What you will do ->
Without the pictures, write out all the lines below exactly as they appear.

Input data ->
━━━━━━━━━━━━━━━━━━━━

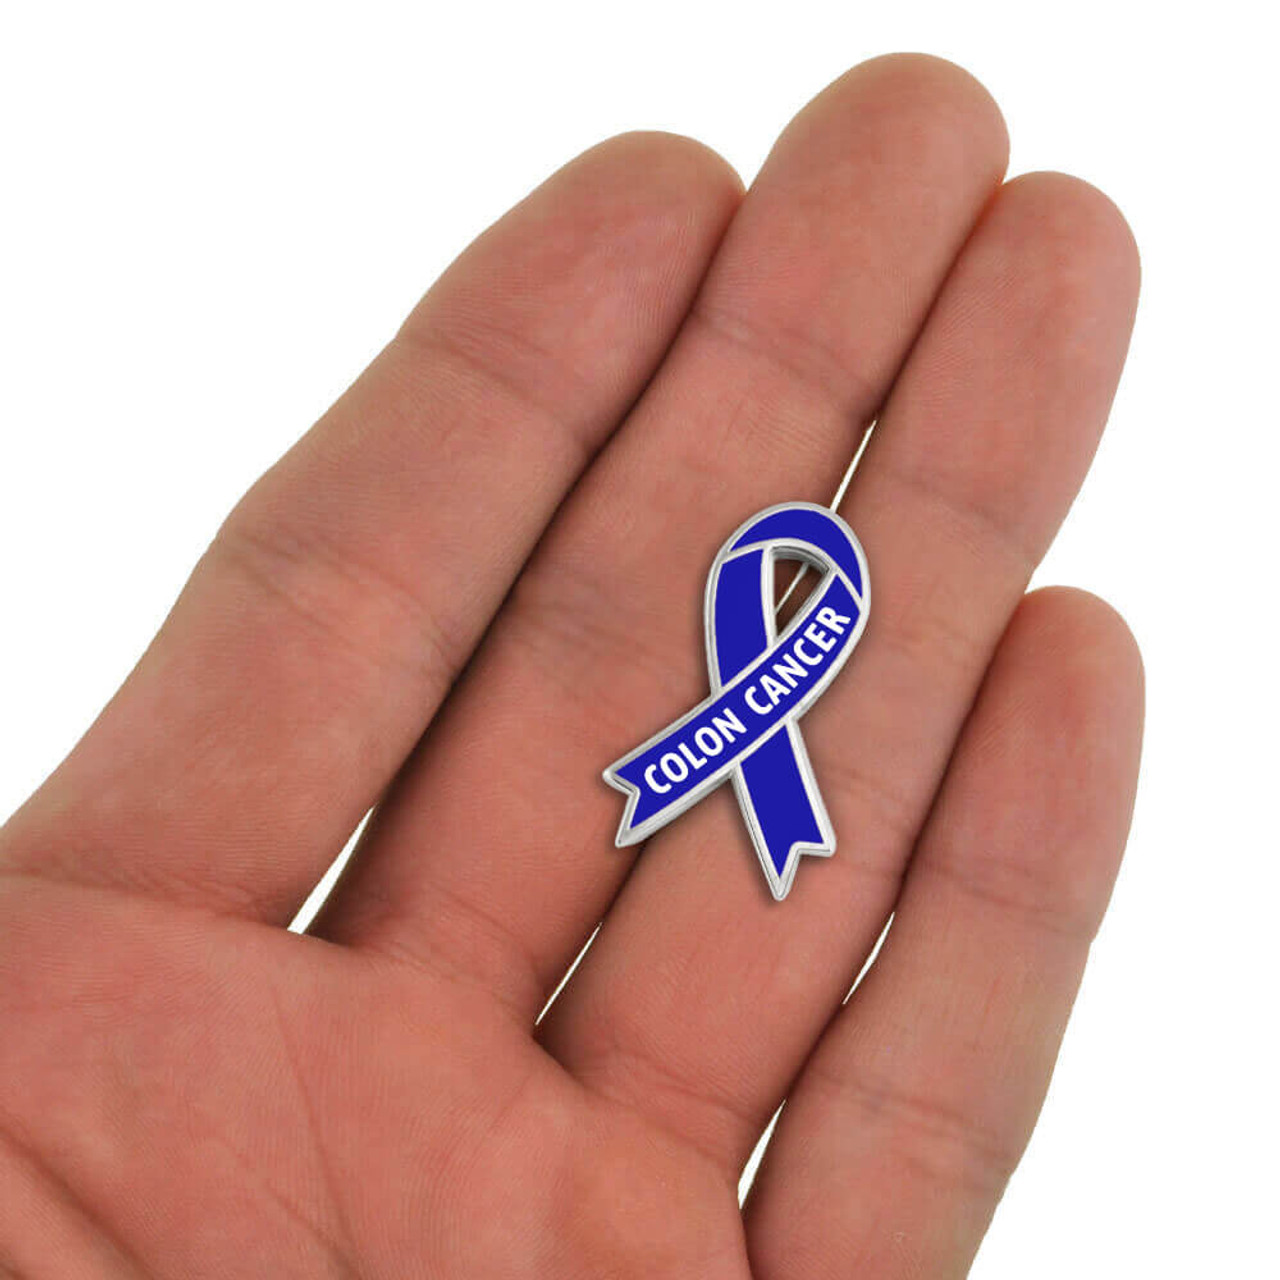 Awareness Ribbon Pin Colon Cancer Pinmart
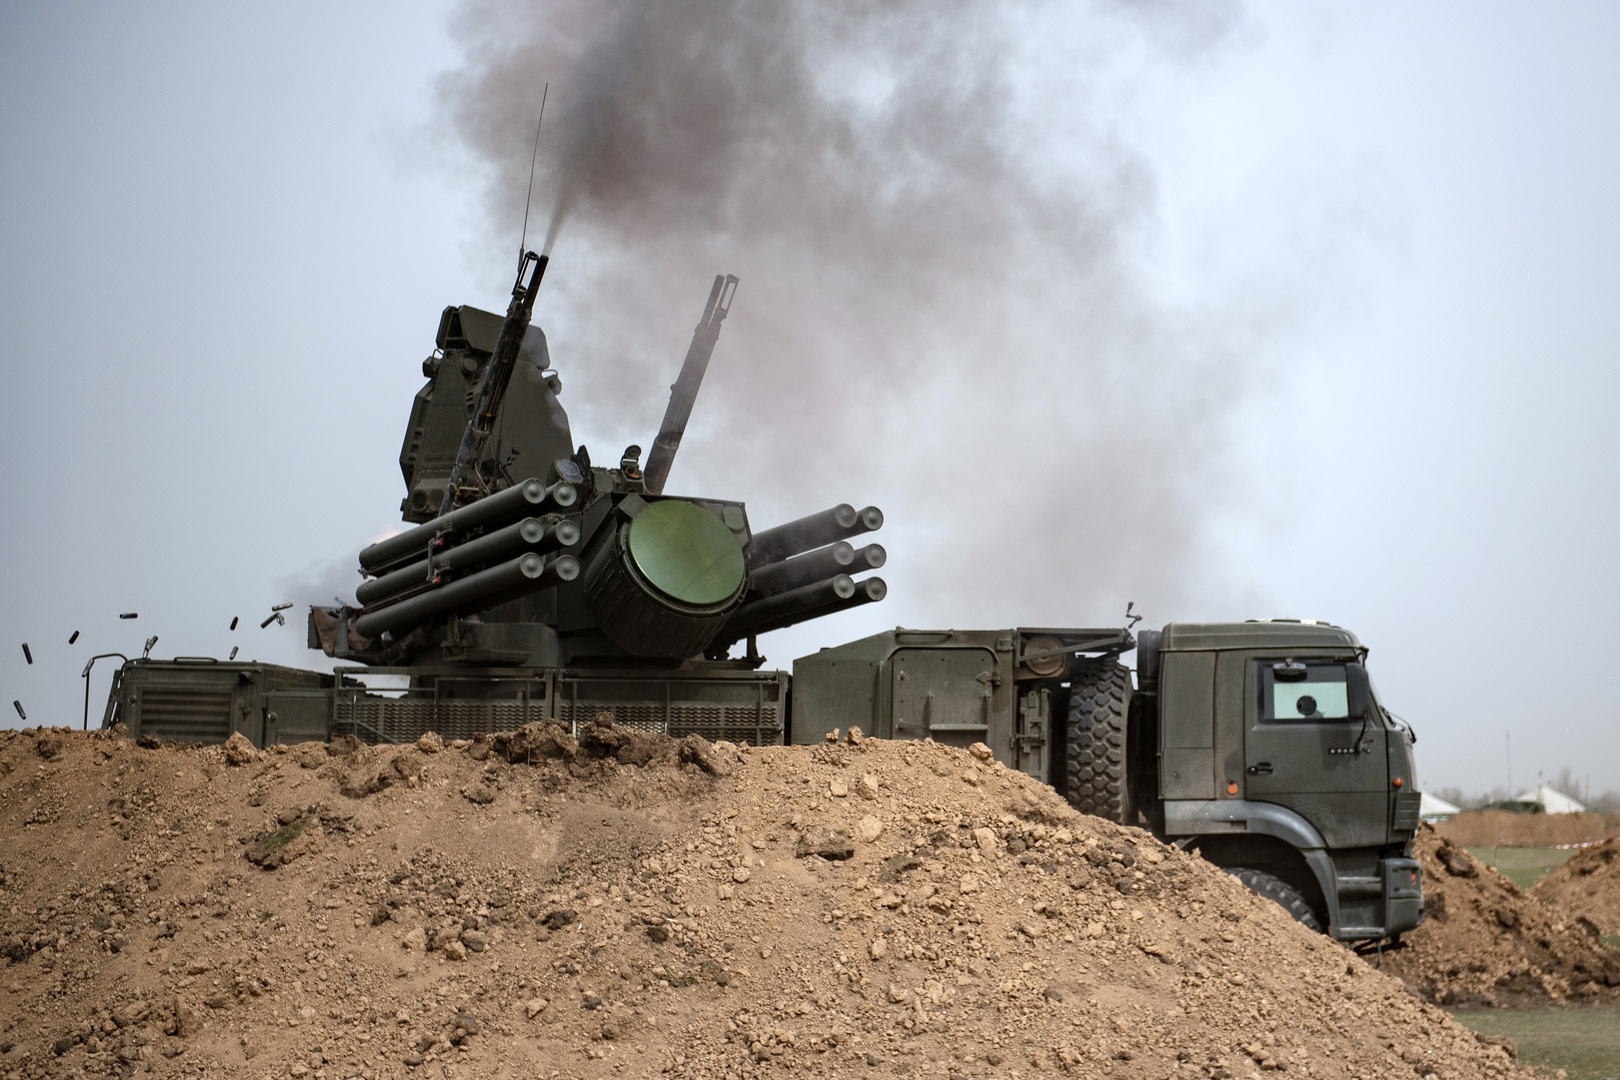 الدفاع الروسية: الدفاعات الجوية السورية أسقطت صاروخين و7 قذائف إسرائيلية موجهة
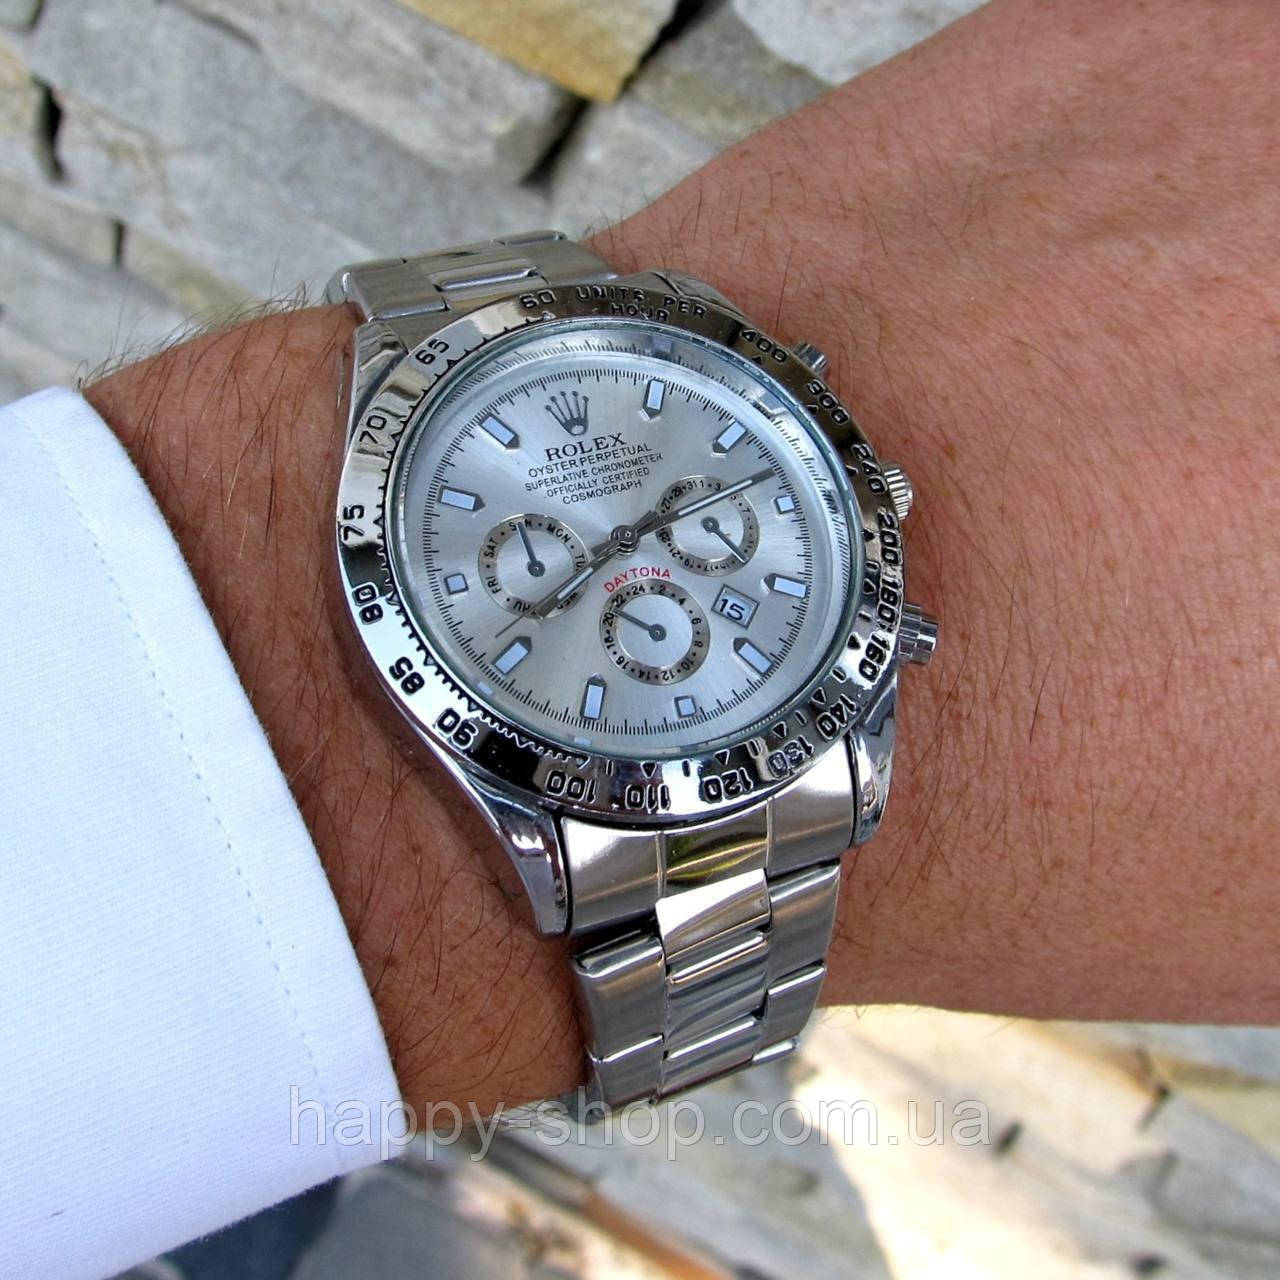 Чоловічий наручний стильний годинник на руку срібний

━━━━━━━━━━━━━━━━━━━━

Answer for the task ->
 Awareness Ribbon Pin Colon Cancer Pinmart
 الدفاع الروسية: الدفاعات الجوية السورية أسقطت صاروخين و7 قذائف إسرائيلية موجهة
 Чоловічий наручний стильний годинник на руку срібний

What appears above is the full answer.